File Monitors will be detected while UAG is down as long as UAG was up when the File Monitor was set.
Exists and Missing File Monitors are resolved on the system where the Primary UAG is running. If a dataset is available only on a Secondary system, it will not be considered.
Configuration Parameters Used for Sysplex Configuration
Parameters in UBRCFG00
Name | Description |
system_id | All Primary and Secondary Brokers that belong to the same group must have the same system_id. |
sysplex_role | Select a value of primary for the primary agent; select a value of secondary for all others. |
unix_spool_data_set | All Brokers that belong to the same group must reference the same dataset name. The dataset must reside on shared DASD that is available to all Sysplex members. This file system should not be shared among Brokers that are not part of the same Sysplex group. |
mount_point | zFS mount point for non-shared UNIX file systems (currently only UNVDB). This mount point should not be shared between systems. |
shared_mount_point | zFS mount point for shared UNIX file systems (currently only UNVSPOOL). All Brokers that belong to the same group must use the same directory. This mount point should be available to all members in the Sysplex. In non Sysplex situations, this parameter can be omitted, and it will default to the value specified for mount_point. |
mount_point_mode | Mode (access permissions) to use during mount_point initialization. |
shared_mount_point_mode | Mode (access permissions) to use during shared_mount_point initialization. In non-Sysplex situations, this parameter can be omitted; it will default to the value specified for mount_point_mode. |
Parameters in UAGCFG00
Name | Description |
jsc_dataset | All Primary and Secondary agents that belong to the same group must use the same UNVJSC VSAM cluster. This cluster must be allocated on shared DASD that is available to all members in the Sysplex. Agents that are not part of the Sysplex group must use a different VSAM cluster. |
cf_struct_name | Name of the Coupling Facility structure which will be used to store the XCF Message Queue. All Primary and Secondary agents that belong to the same group must use the same structure. The structure should not be shared between agents that are not part of the same Sysplex group. |
automatic_failover | If the value of the sysplex_role parameter in UBRCFG00 is primary or secondary, this parameter can be used to control automatic failover. Automatic failover allows a Secondary agent to become the Primary agent when the original Primary agent ends. Valid values:
Default is never. (Also see the AUTOMATIC_FAILOVER UAG configuration option.) |
z/OS Console Commands
F <ubroker>,APPL=UAG,PRIMARY
This command causes an agent that is running in Sysplex Secondary mode to become a Primary agent until it is restarted or otherwise caused to become a Secondary agent.

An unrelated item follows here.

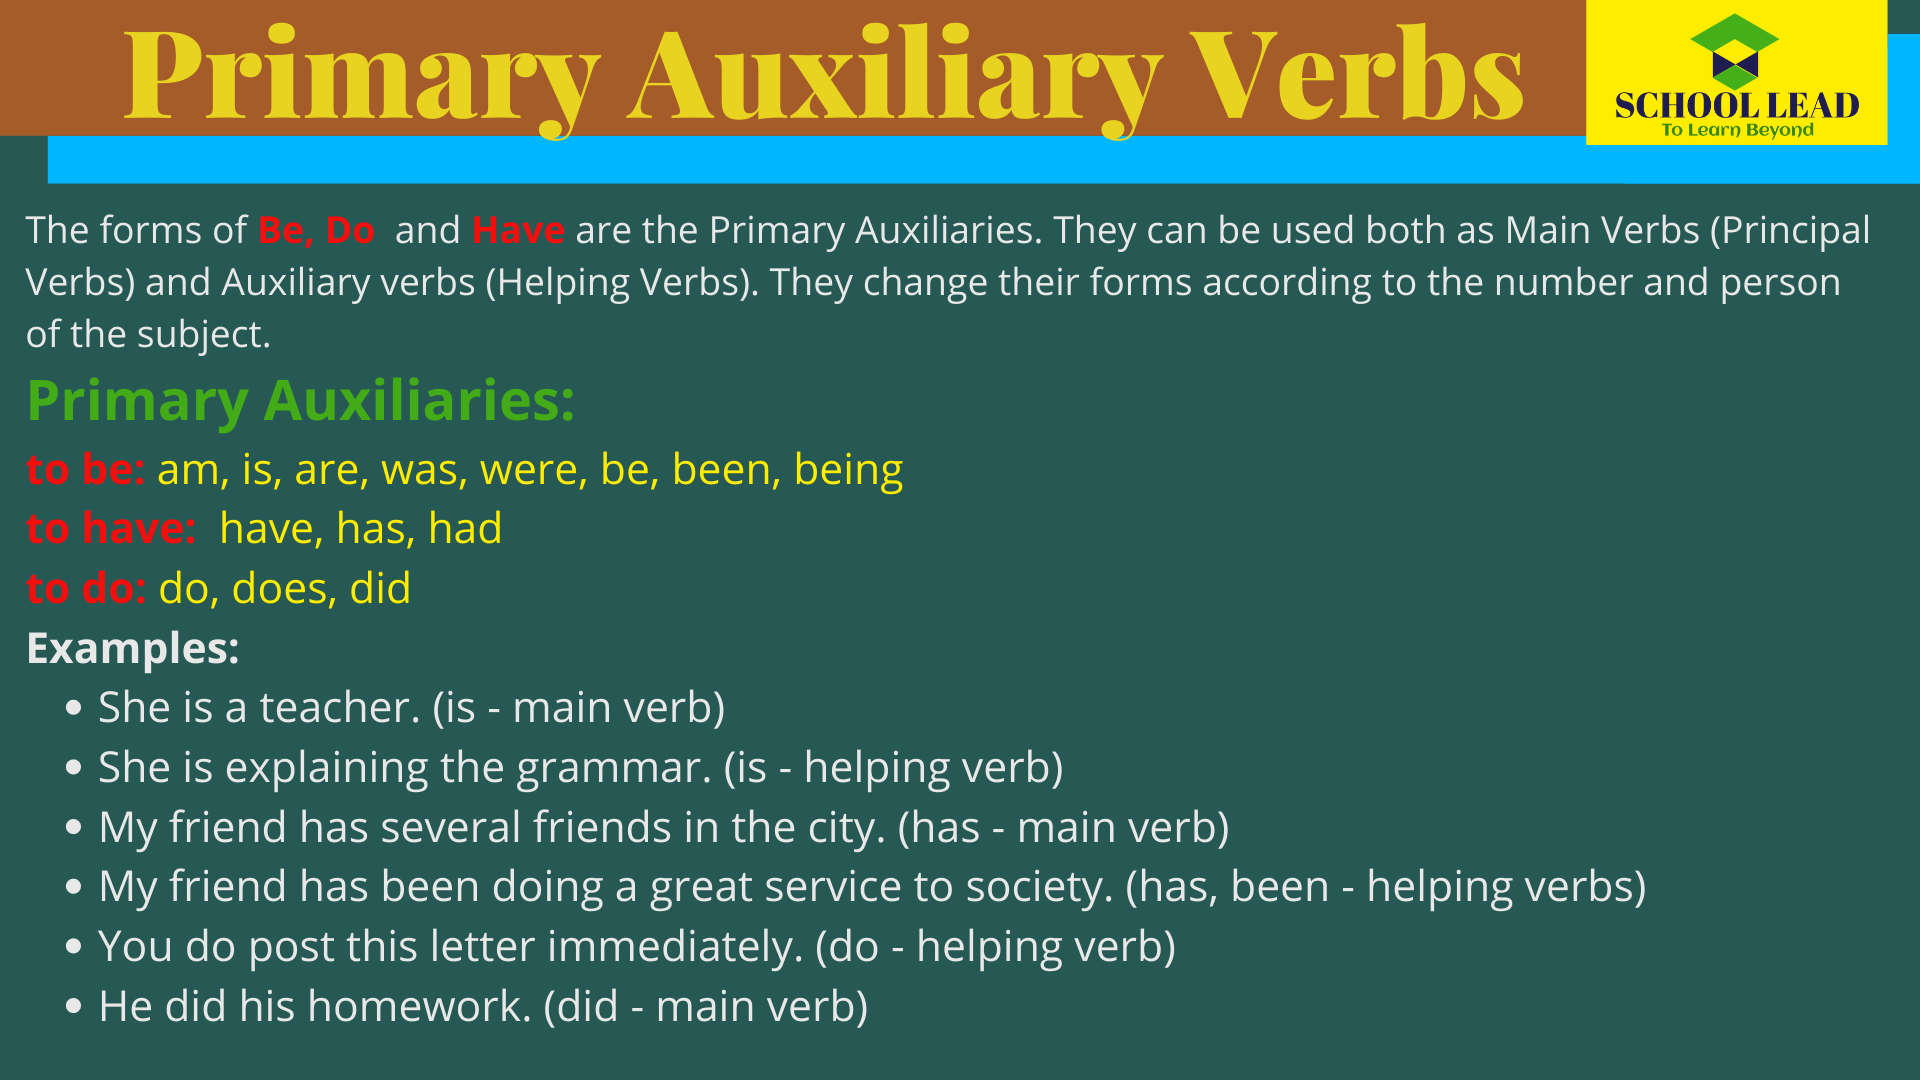 Primary Auxiliary Verbs The Verb School Lead
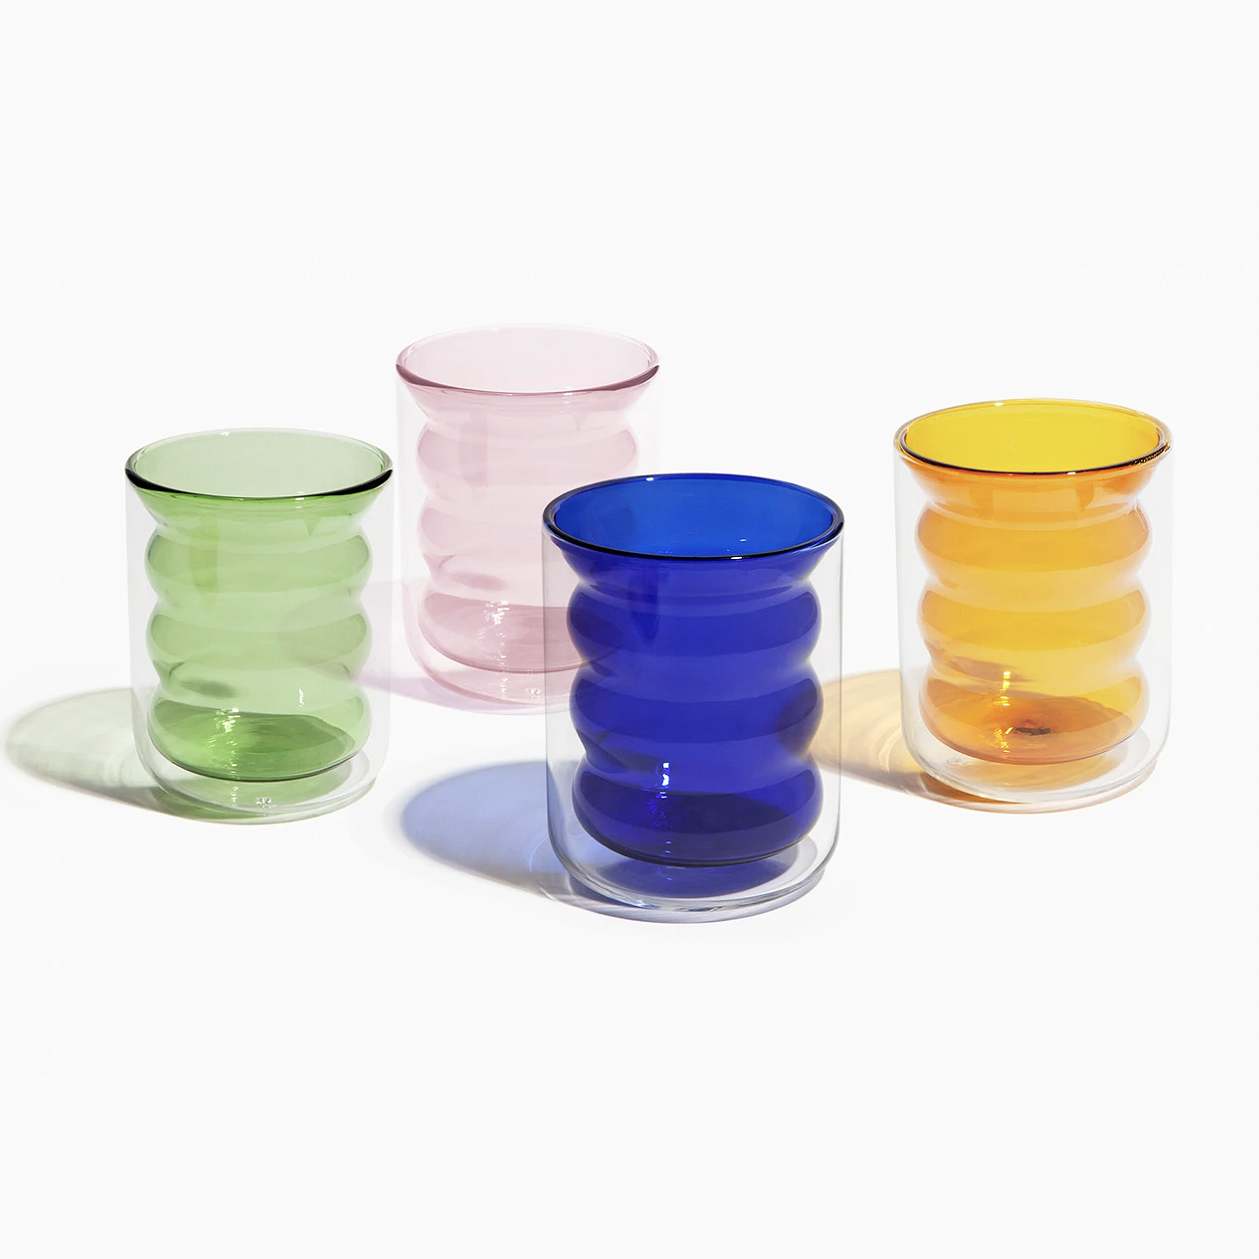 Sophie Lou Jacobsen Ripple Cup, 5 Colors, Set of 2 or Mixed Set on Food52

If the agent is not running in Secondary mode, or a Primary agent is already active with the same system ID, the command will fail.
F <ubroker>,APPL=UAG,SECONDARY
This command causes an agent that is running in Sysplex Primary mode to become a Secondary agent until it is restarted or otherwise caused to become a Primary agent.
If the agent is not running in Primary mode, the command will fail.
F <ubroker>,APPL=SHUTDOWN, [ FAILOVER [ ,<sysname> ] | NOFAILOVER ]
When issued against a Secondary agent | This command behaves like the z/OS STOP command (P <ubroker>). |
When issued against a Primary agent | This command shuts down the Broker (and agent) while controlling the Sysplex failover behaviour: |
When issued without the FAILOVER or NOFAILOVER parameter | Failover will behave as configured by the automatic_failover parameter in UAGCFG00. |
When FAILOVER Is specified | An available Secondary agent will take over as Primary, regardless of how failover is configured. When the optional < |
When NOFAILOVER Is specified | No Secondary agent will take over as Primary, regardless of how failover is configured. |
Note
Behaviour of the z/OS STOP console command with failover is identical to the F <ubroker>,APPL=SHUTDOWN command with no other parameters.